In Guimaras, I met people.
On face value, these people were no different from the many I had ever met before. But I guess, that’s the point of never judge a book by its cover. These people were kind, simple and beautiful. They welcomed us into their homes and lives and wove us into the mundane stirrings of the month. The people at the company I worked with, grew to be friends and manangs ( sisters.)
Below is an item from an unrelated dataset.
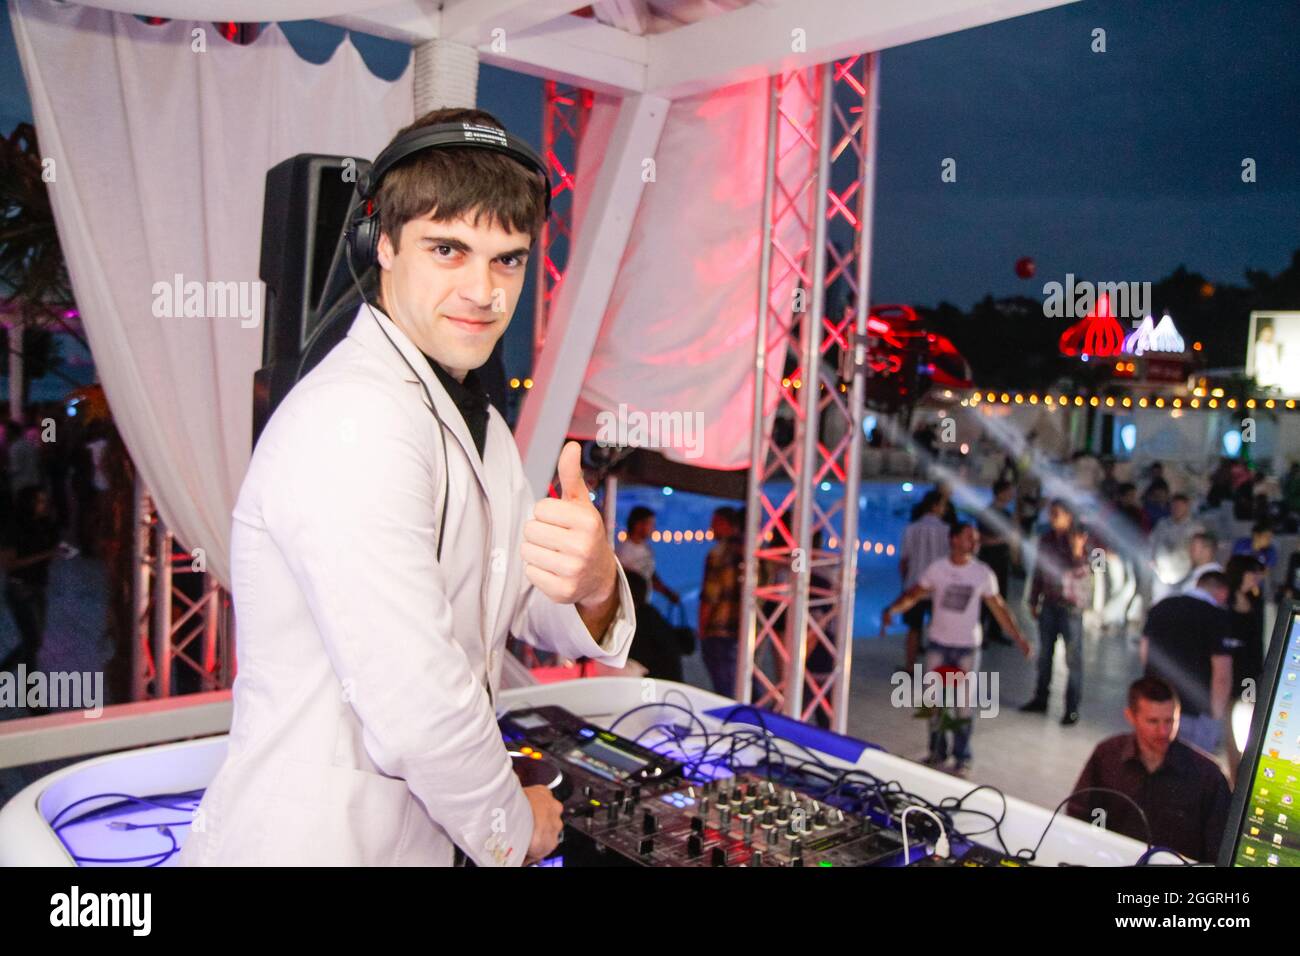 Odessa, Ukraine 24. Mai 2013: DJ bei der Arbeit im Luxus-Nachtclub während der Nachtparty. DJ feiern im Elite-Nachtclub. Stockfoto

We learnt from them, about them and against them. Through the informal channels we learnt about frustrations and gossip within the organization. We went on trips on the office account and got stuck in deserted areas in the middle of the night. We pitched to the board of directors, whose sudden change in attitude from one week to another was like predicting the outcome of a cricket match. When we put people at the core of our consulting. When we had understood how the little girl is given milk powder bought in sachets daily, the shampoo comes in minipacks, the cigarettes come in sticks and the soft drinks come in small bottles because they all depend on the daily wage. When we had understood that a day without money meant the house would shut down and that a storm meant more docking your boats and docking your livelihood. When all of this came together from our homestays, our friends and our colleagues, we came up with ideas that would appeal. We altered the solutions we had to lower risk and to make it simpler to implement. We made restructuring suggestions to give higher revenues per day, rather than per year and suggestions to make commodities cheaper for employees. We thought like them, so they finally accepted us.
I’m trying to live life simply. I’m trying to cut down the so called ‘sources of stress.’ I’ve been in a little bit of a lockdown since I’ve come back because I’m trying to come to terms with all the things I want and starting anew in Hong Kong. I’m still living out of that suitcase I took to Guimaras, wondering why I even need more clothes. Why I need to pick between the beige shirt and the blue shirt in the morning or think about whether to buy that pack of Oreos or not. I’m thinking about the job I have and why I was so anxious about taking it. I sit in an air-conditioned office, wearing nice clothes, I get a house where my rent and utilities are paid for and I get a salary which is more than enough to buy me food and water for a month.
At the age of 12 I was introduced to scarcity. Human wants are always greater than the resources. There is an integral difference between needs and wants. But as a race, that’s what keeps us going. The push to be more, see more and get more. Don’t get me wrong, when I say I am being simple, I don’t mean I’m losing ambition. I’m just simplifying my life to be happy with what I have. I’m going to work harder, because I’ve seen how privileged I am to be here.
I am going to strive for higher, but I’m going to remember that being cut throat doesn’t mean losing the humanity and kindness in you.